Requirement ▸ Below is a listing; transcribe it exactly but without any images.

Data segment ▸
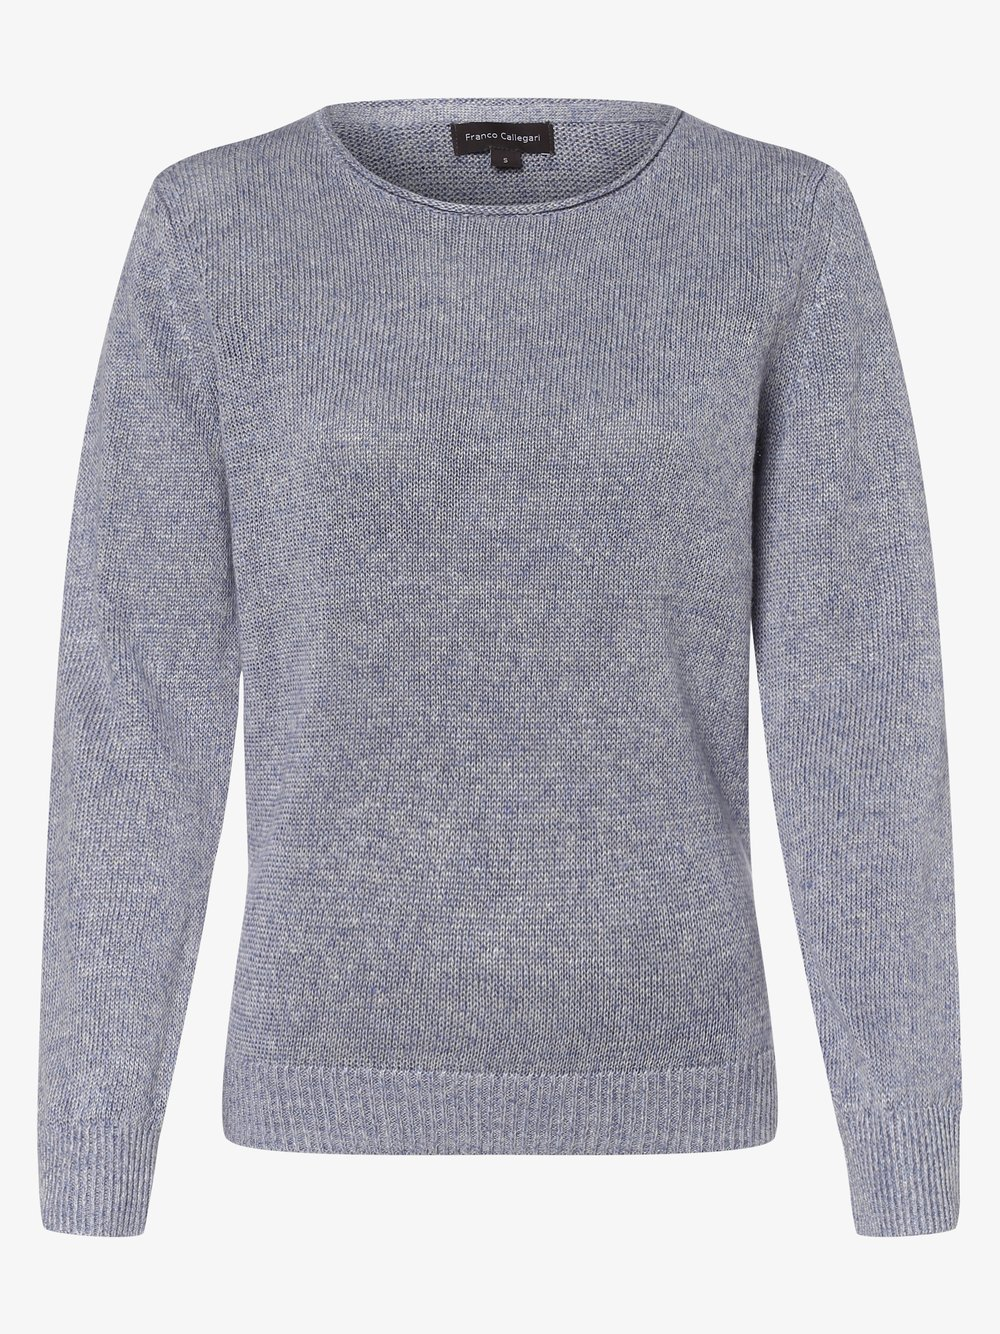 Franco Callegari - Damski sweter lniany, niebieski
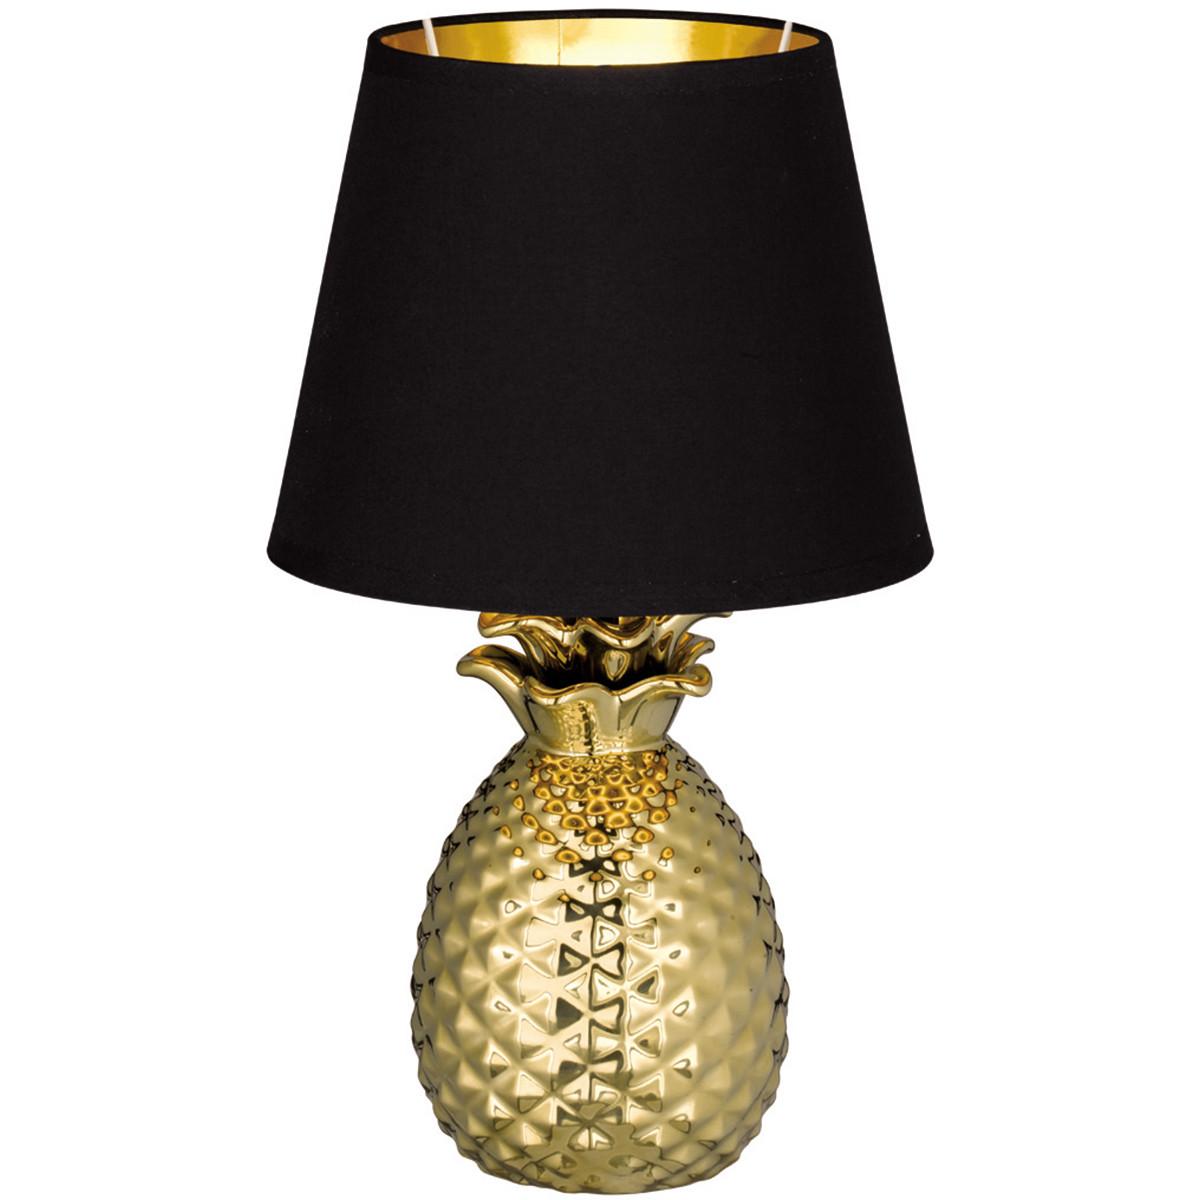 LED Tafellamp - Tafelverlichting - Trion Pinaply - E14 Fitting - Rond - Mat Goud - Keramiek
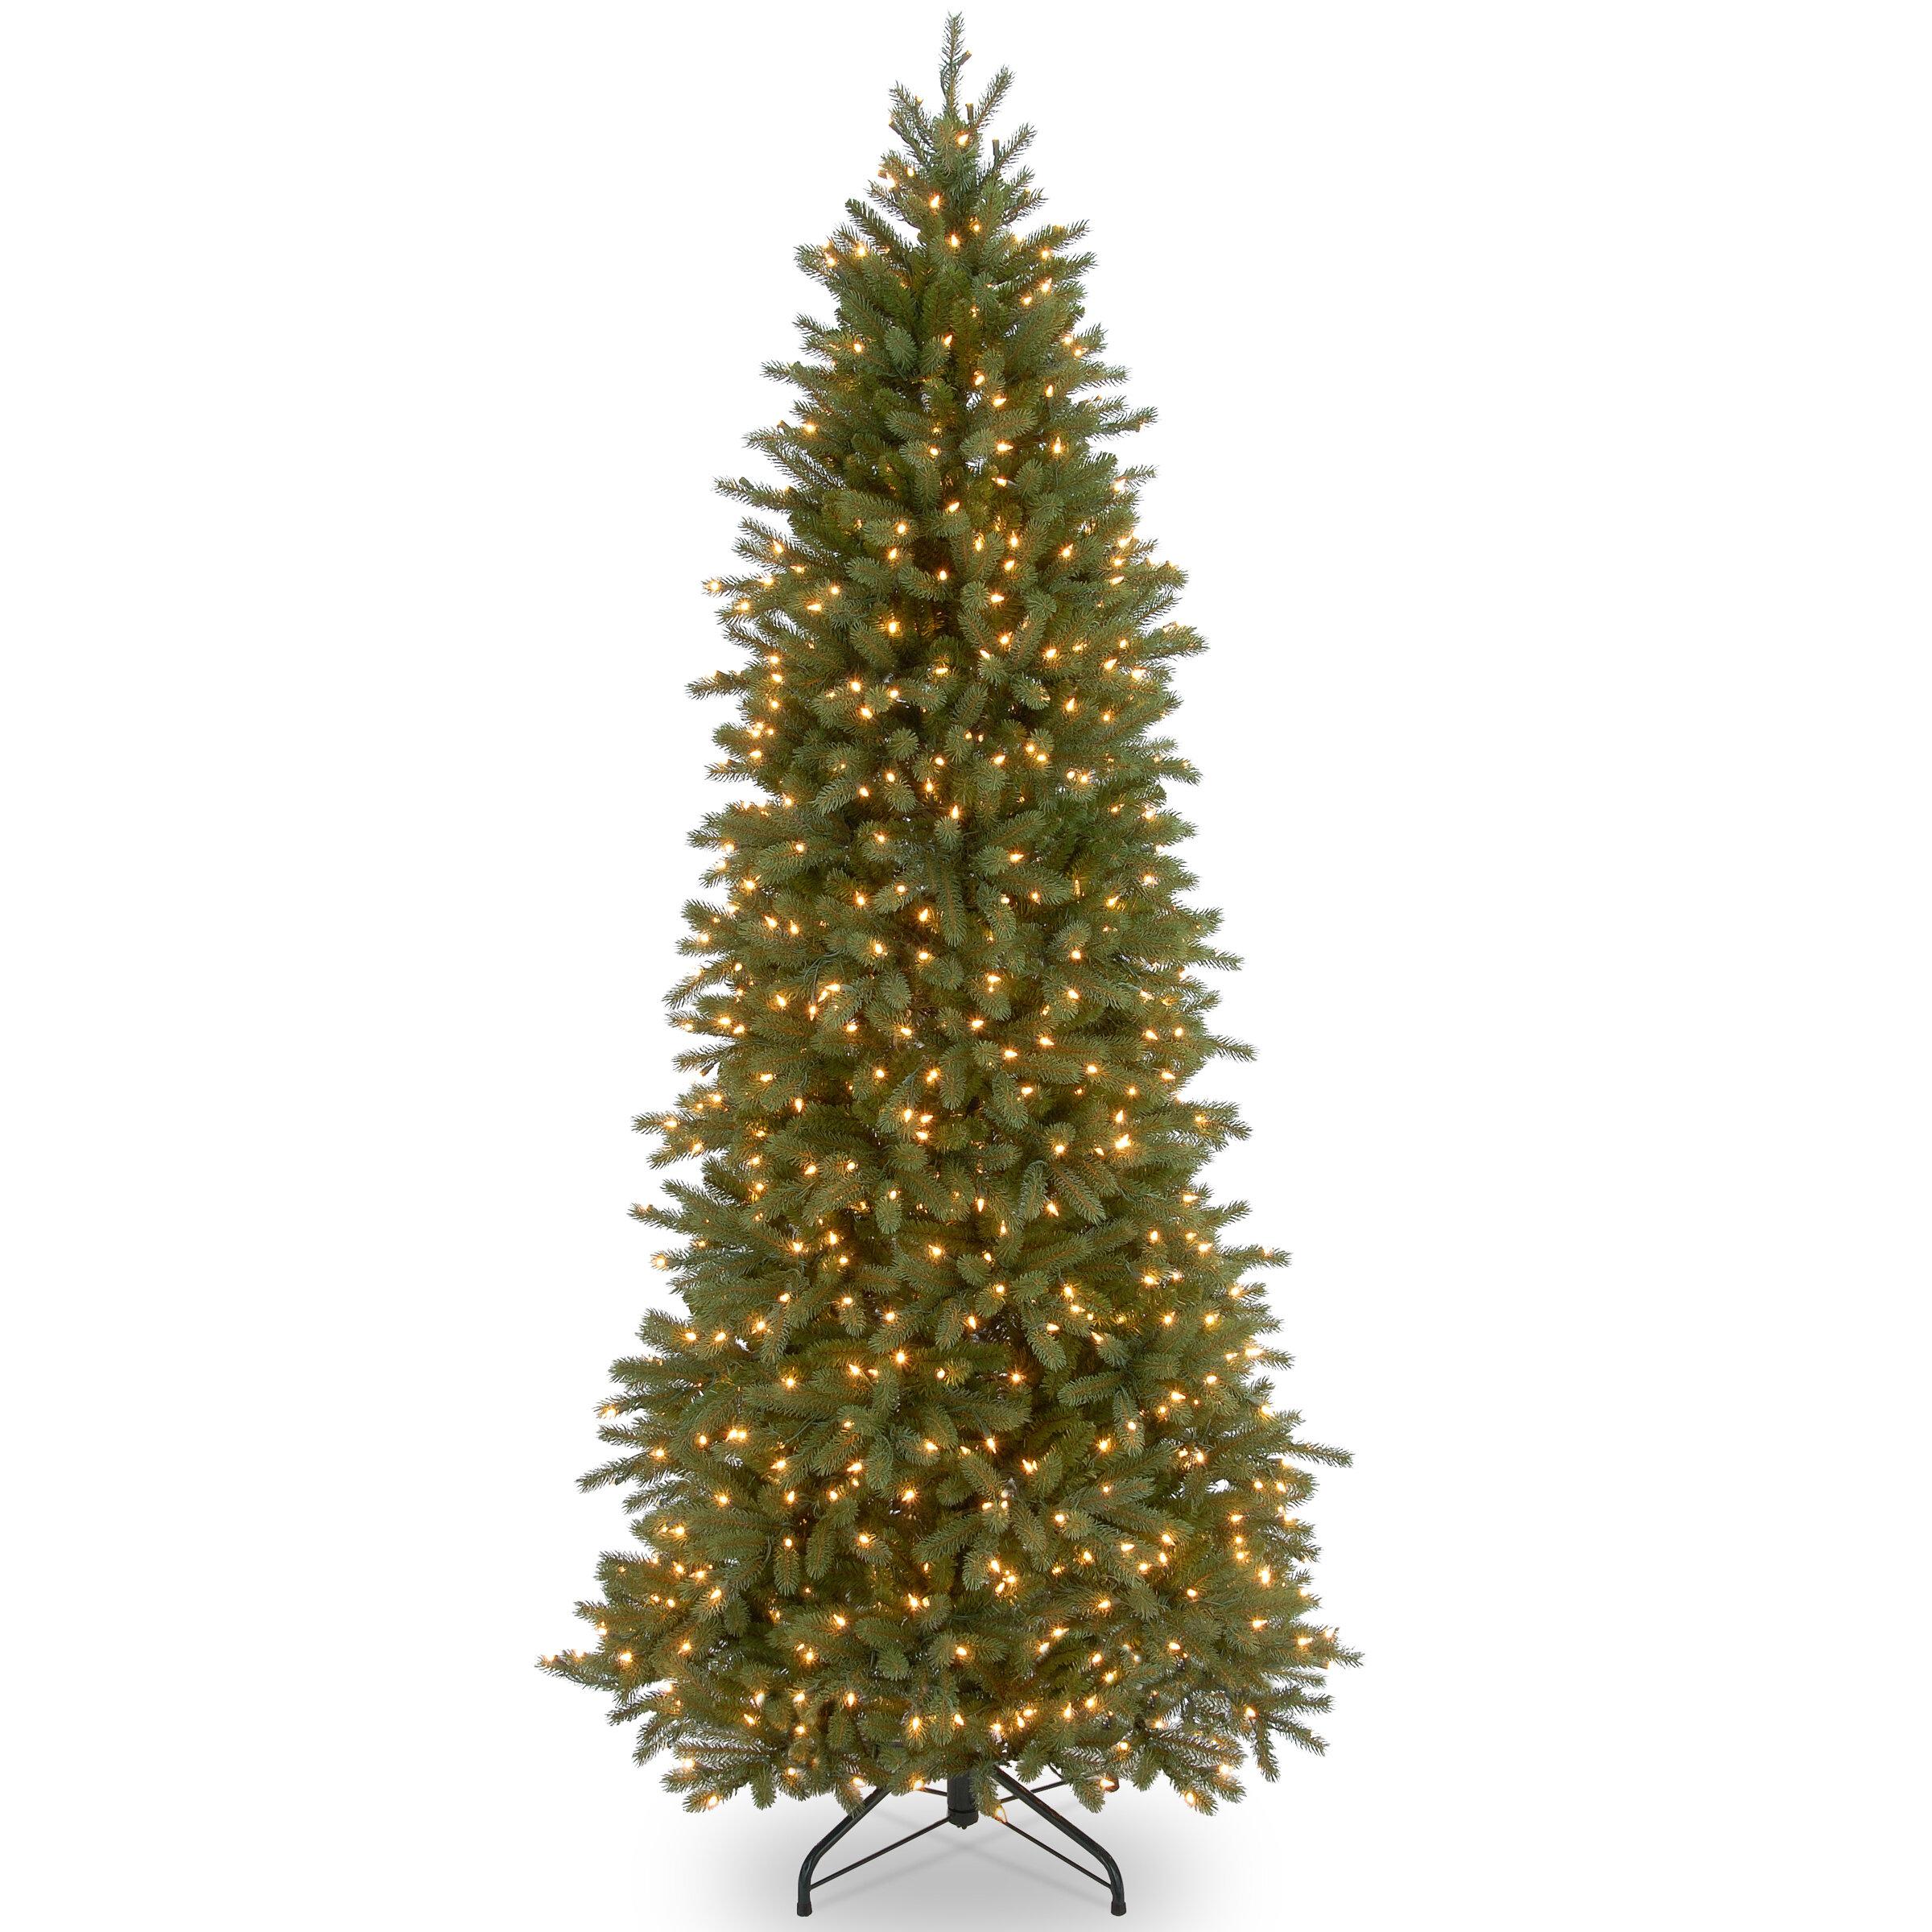 Jersey Fraser Green Fir Artificial Christmas Tree With Clear White Lights Reviews Joss Main

Task result ▸
 Franco Callegari - Damski sweter lniany, niebieski
 LED Tafellamp - Tafelverlichting - Trion Pinaply - E14 Fitting - Rond - Mat Goud - Keramiek
 Jersey Fraser Green Fir Artificial Christmas Tree With Clear White Lights Reviews Joss Main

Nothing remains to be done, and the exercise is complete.